In 2013, Zakeri attended a friend’s birthday party in Portland, Ore., and learned that the “Goonies” house wasn’t far away. He and a friend drove nearly 100 miles to take pictures in front of the residence, which was built around 1896 and sits near the Pacific Ocean.

Zakeri also toured the two-story home in June 2015, when he visited for the film’s 30th anniversary. He was ecstatic to climb into the attic and sit in the living room.

“Hey, if you ever sell this thing, I’d love to buy it,” Zakeri said he told the owner, Sandi Preston, who bought the property in 2001.

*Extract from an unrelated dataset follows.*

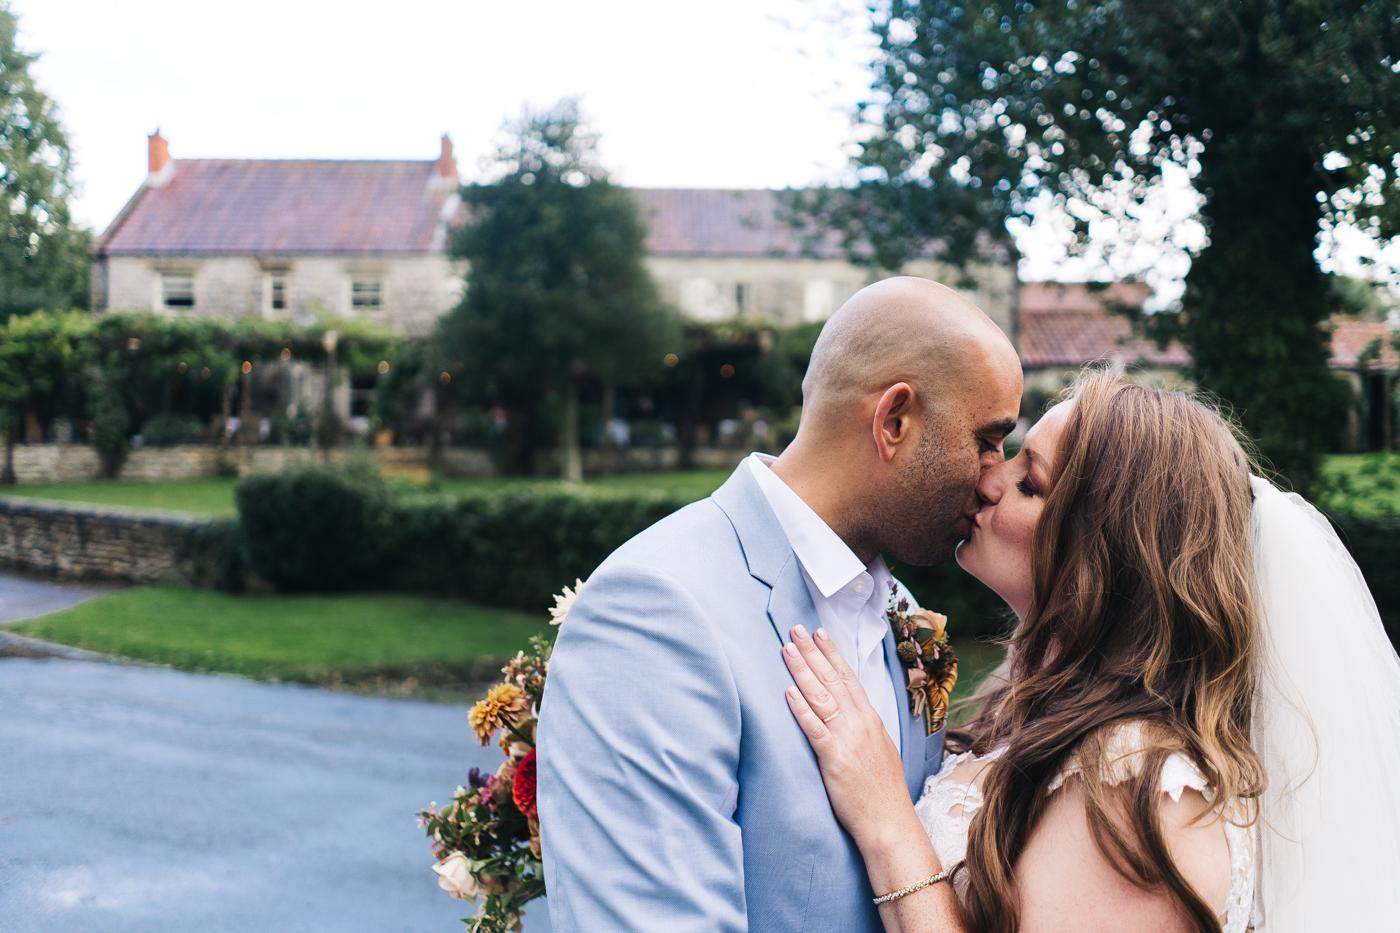 wedding-at-the-pheasant-harome-helmsley-north-yorkshire-wedding-photographer-0028.jpg
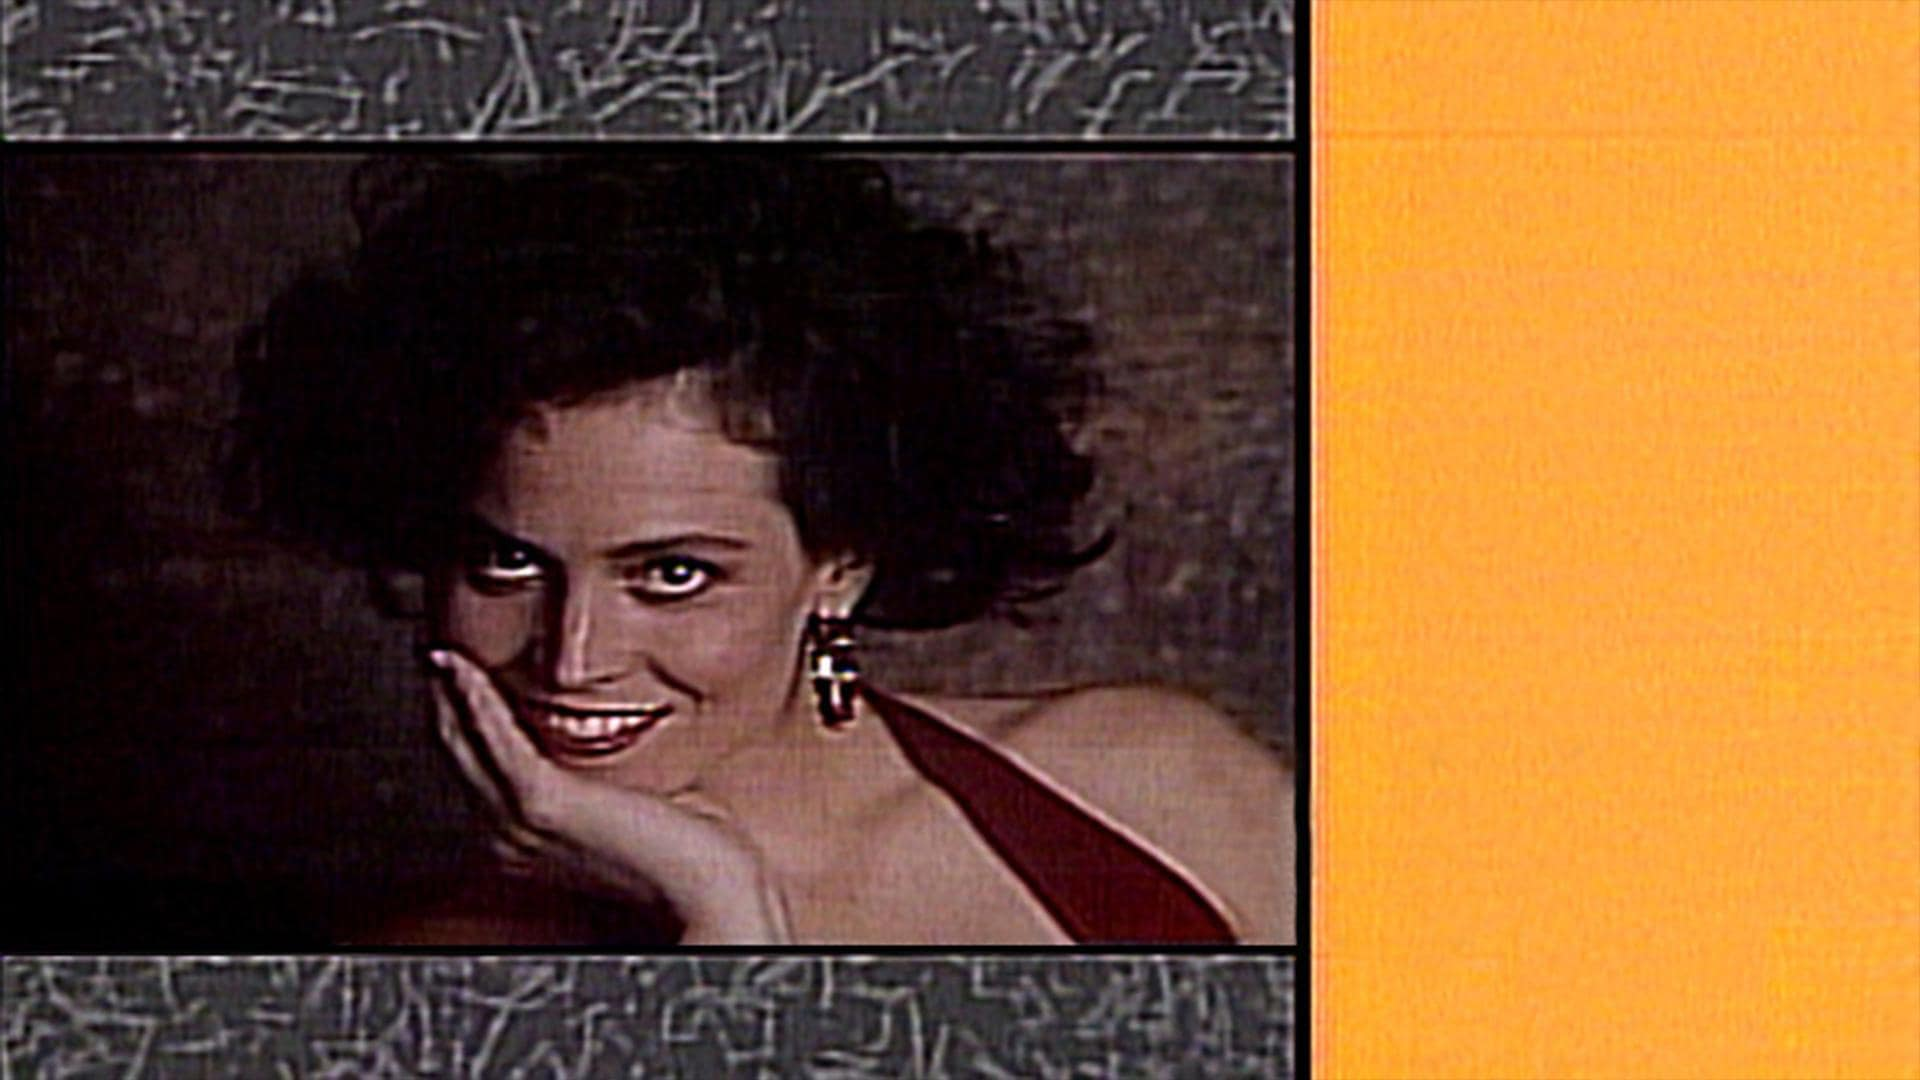 Sigourney Weaver: October 11, 1986

“Yeah, you and a million other Goonies,” Zakeri recalled Preston saying.

When the house went on the market in November, Zakeri’s friends showed him the posting within minutes. Zakeri said he messaged Preston: “Remember me? I’m going to make a run at this thing.”

Zakeri called real estate agent Jordan Miller that day and explained his passion for “The Goonies.” Zakeri called Miller almost every day over the next week for updates. On Nov. 23, six days after their initial call, Zakeri’s phone rang.

“Check your inbox,” he recalled Miller saying. “You’re officially under contract for the ‘Goonies’ house.”

With family at his Overland Park house for Thanksgiving, Zakeri said, he threw his phone across the living room, screamed and jumped on his furniture.

“I’m 8 years old again,” Zakeri said.

“I couldn’t really imagine much better of a buyer,” Miller said. “There’s been concerns about, ‘Oh, is some big company going to come in and buy it, change a bunch of stuff or try to make money off the house?’ That’s not his vision whatsoever.”

Recognizing the film’s themes of companionship, Michael Eakin, Zakeri’s childhood friend, purchased a house next door to the “Goonies” home. While Zakeri and his wife, Liz, will primarily live in Kansas, he intends to redecorate the “Goonies” house as it appeared in the movie.

That includes installing a zip line like the one Richard “Data” Wang rode in the movie and painting dark-red trim on the home’s exterior. In the basement, he may build a wax statue of Steven Spielberg, who wrote the film’s story. He hasn’t cemented arrangements, but Zakeri said he wants the house to be a gathering spot for fans.

“I’m just super excited to try to be the best I can be for the ‘Goonies’ community,” he said.